The game that was compiled to run on the two very different platforms is "Sphery Vs Shapes," and doesn’t appear to contain much in the way of plot, characters or actual gameplay, but does have lots of ray-tracing, as a shiny metallic ball bounces its way across a chessboard-like environment, which is reflected in its shiny spherical surface.

Both platforms rendered the game at 1080p and 60 frames per second without a problem, but the FPGA did it using 660 mW, while the R7 needed 35W, a difference of 53x. It is speculated that, were the FPGA to use the same 7nm process as the CPU, this figure could be six times higher.

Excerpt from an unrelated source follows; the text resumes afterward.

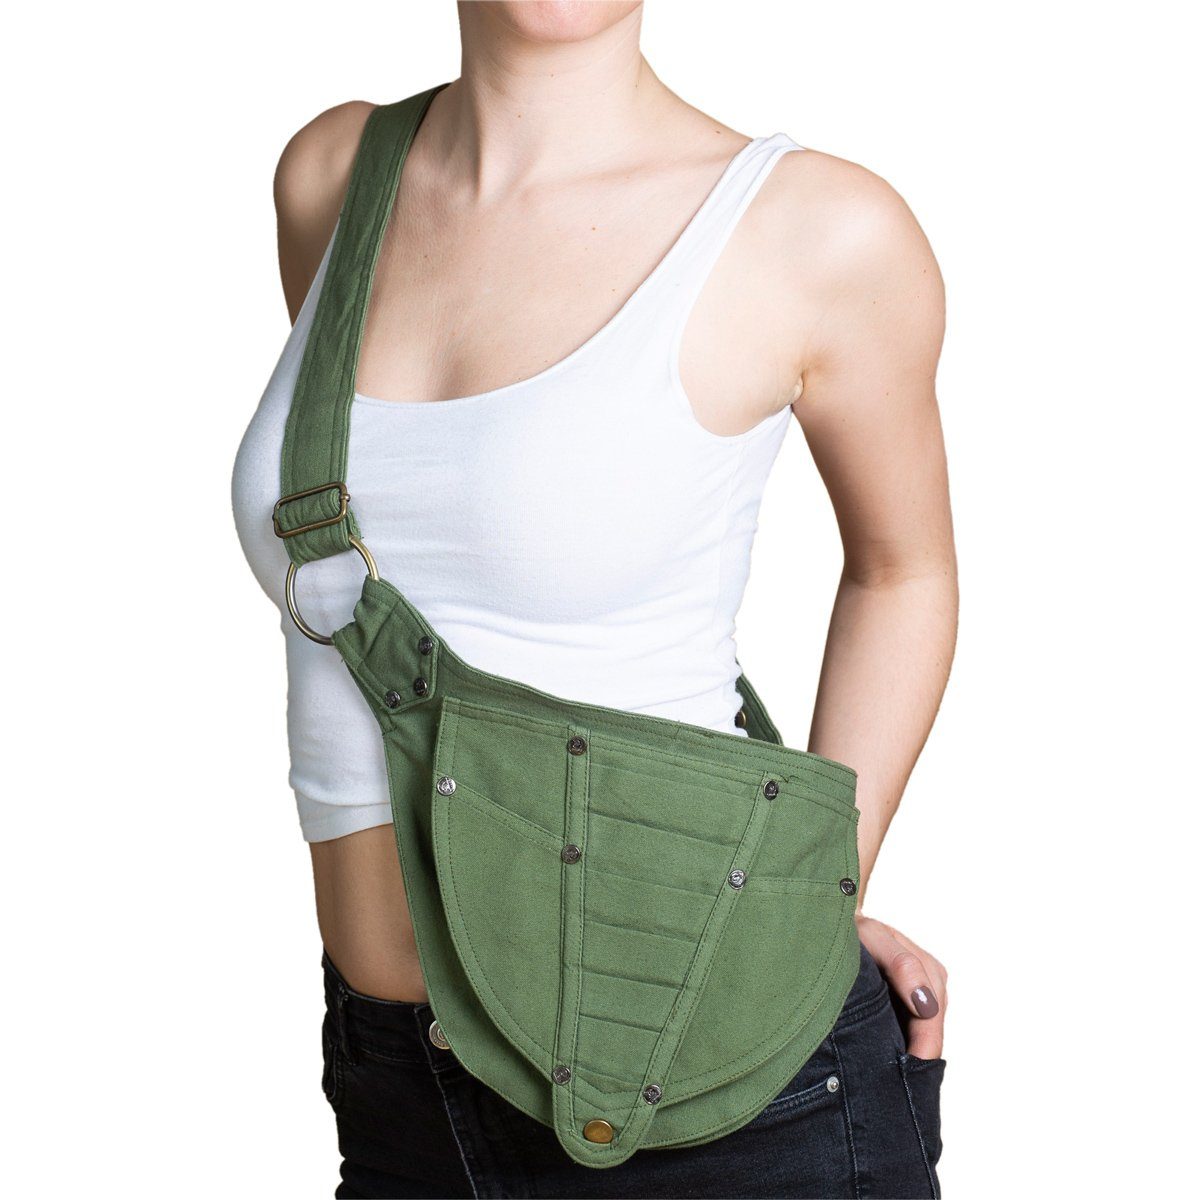 PANASIAM Bauchtasche Geräumige Gürteltasche lässt 2 oder Baumwolle tragen kleine mit Hüfttasche, Umhängetasche Innentaschen Grün als aus fester Bauchtasche sich

The keys to the whole thing are Pipeline C, an invention of Kemmerer’s, and CflexHDL from Suarez. You can find them both on GitHub. "The game’s pixel rendering and animation logic is based on floating point and vector math operations. All of the game code is expressed using a clean syntax that translates directly to a digital circuit. The current target of this design is a FPGA board with Full HD digital video output, and the workflow also allows running the game in realtime on a regular PC using the unmodified source," they write in their paper. "This allows for much faster development-test iterations than with traditional hardware design tools. For the same workload, the computing efficiency resulted in more than 50X better than using a modern CPU, in a chip an order of magnitude smaller."

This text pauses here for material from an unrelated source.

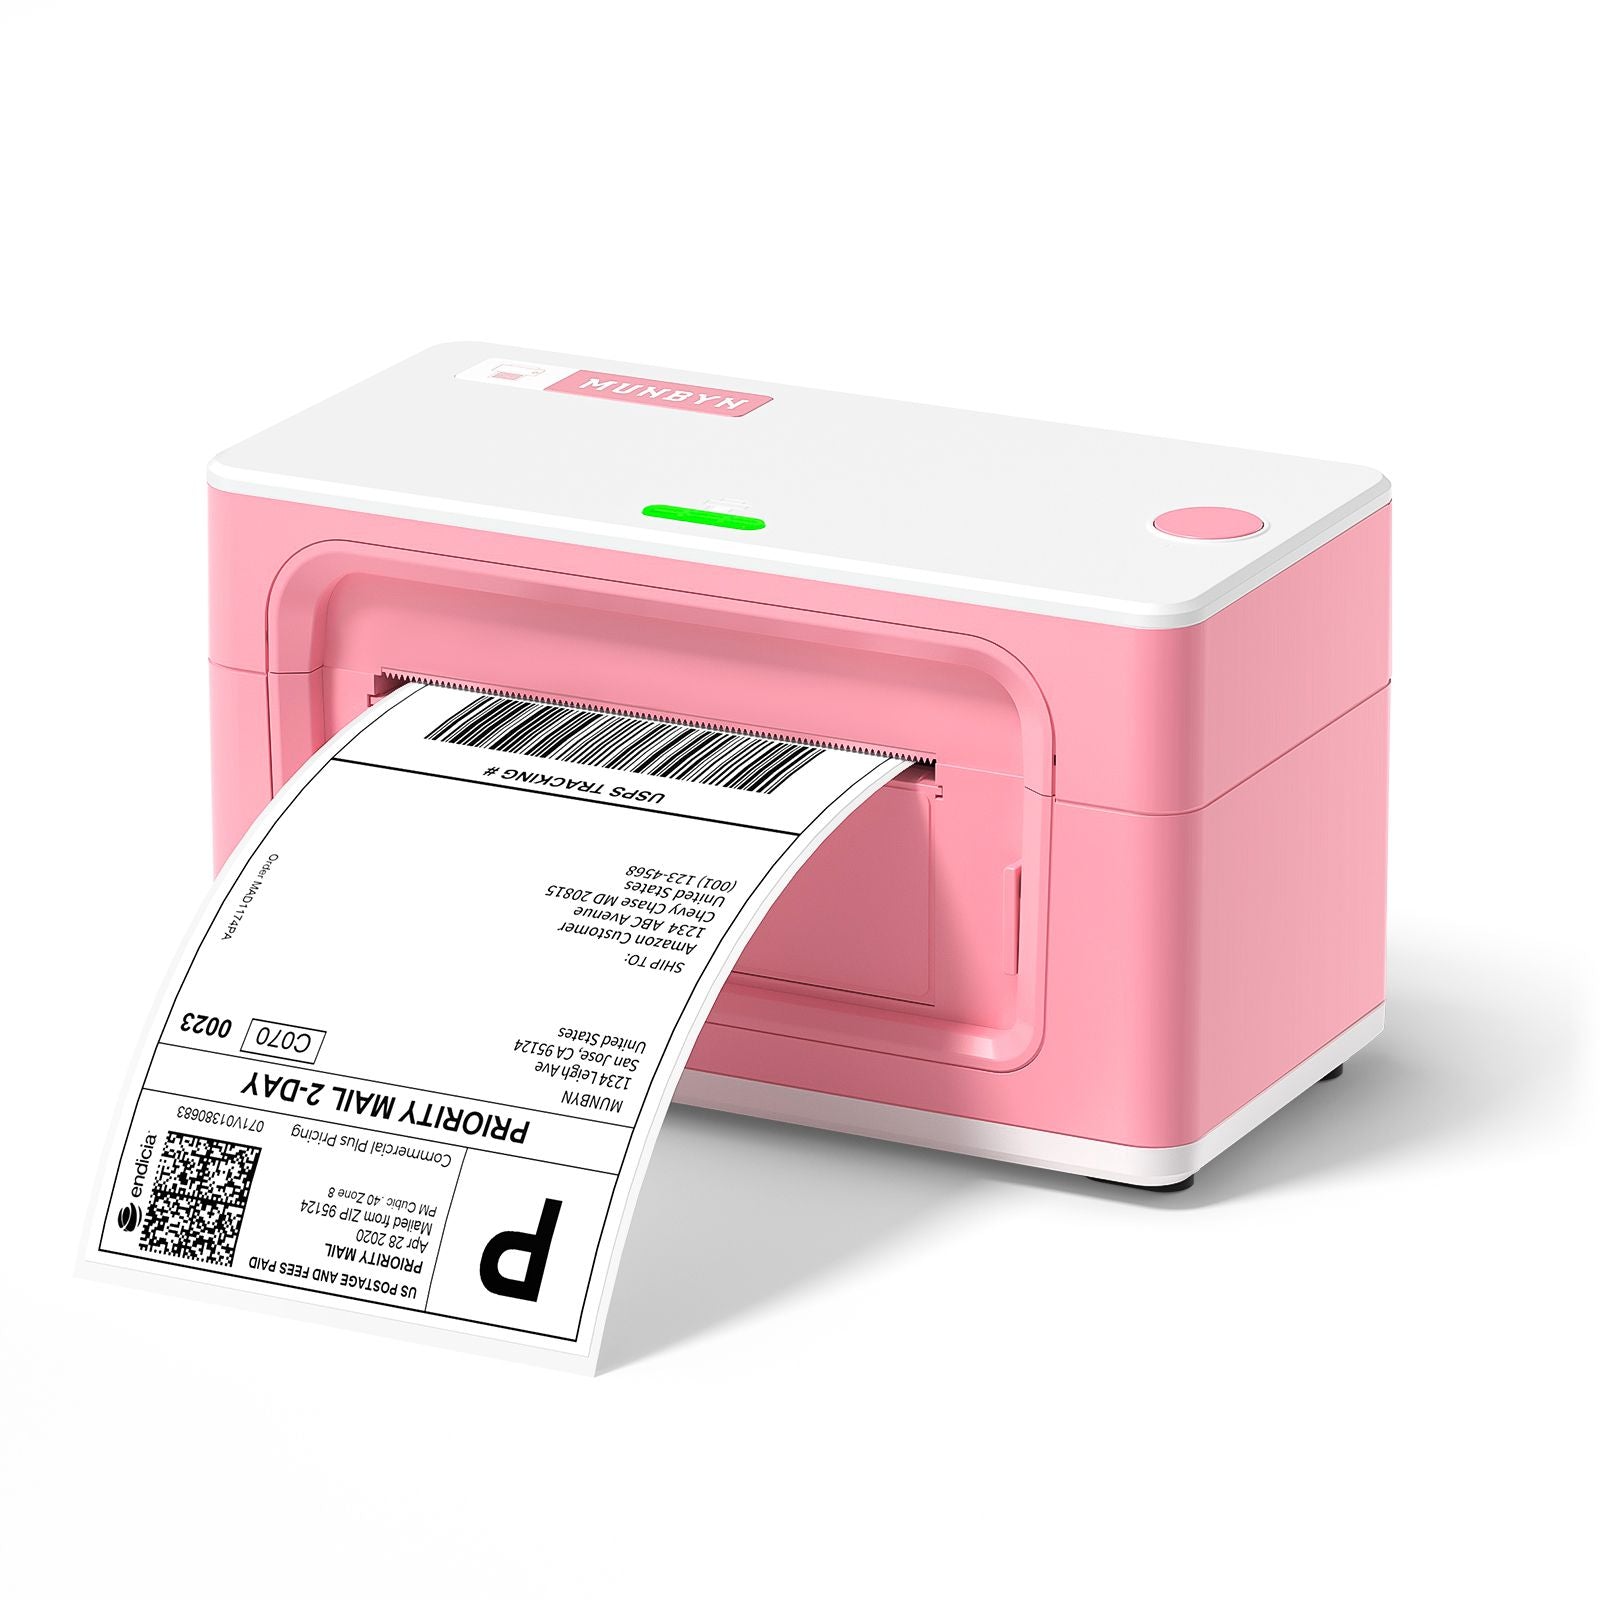 Die MUNBYN-Thermoetikettendrucker sind in vier Farben verfügbar: Rosa, Grau, Weiß und Grün.

"Sphery Vs Shapes" stands up pretty well as a graphics demo, but what it means for the future of programming is more interesting - especially as FPGAs are going to start appearing in AMD chips. There are plans to port the whole thing to RISC-V, and to design an open-source ASIC (application-specific integrated circuit) that supports the pipeline, and there are possibilities for the world of microcontrollers too." The code can be translated to a logic circuit, run on a[n] off-the-shelf CPU, or on a microcontroller to develop hardware/software peripherals without changes to the code,” Suarez and Kemmerer write in their conclusion. "The results we obtained are readily reproducible, as materials are easy to obtain and not expensive."

Ian Evenden
Freelance News Writer

Ian Evenden is a UK-based news writer for Tom’s Hardware US. He’ll write about anything, but stories about Raspberry Pi and DIY robots seem to find their way to him.

  • Geef
    I think the big hurdle here won't be the hardware, it will be programmers needing to rewrite their software for the new setup.
    Reply
  • TJ Hooker
    From what I can tell, the main point of the whitepaper isn't that the FPGA can run the program more efficiently. After all, once the FPGA has been programmed it's essentially an ASIC, and saying that an ASIC executes some function far faster/more efficiently than a general purpose CPU isn't a revelation.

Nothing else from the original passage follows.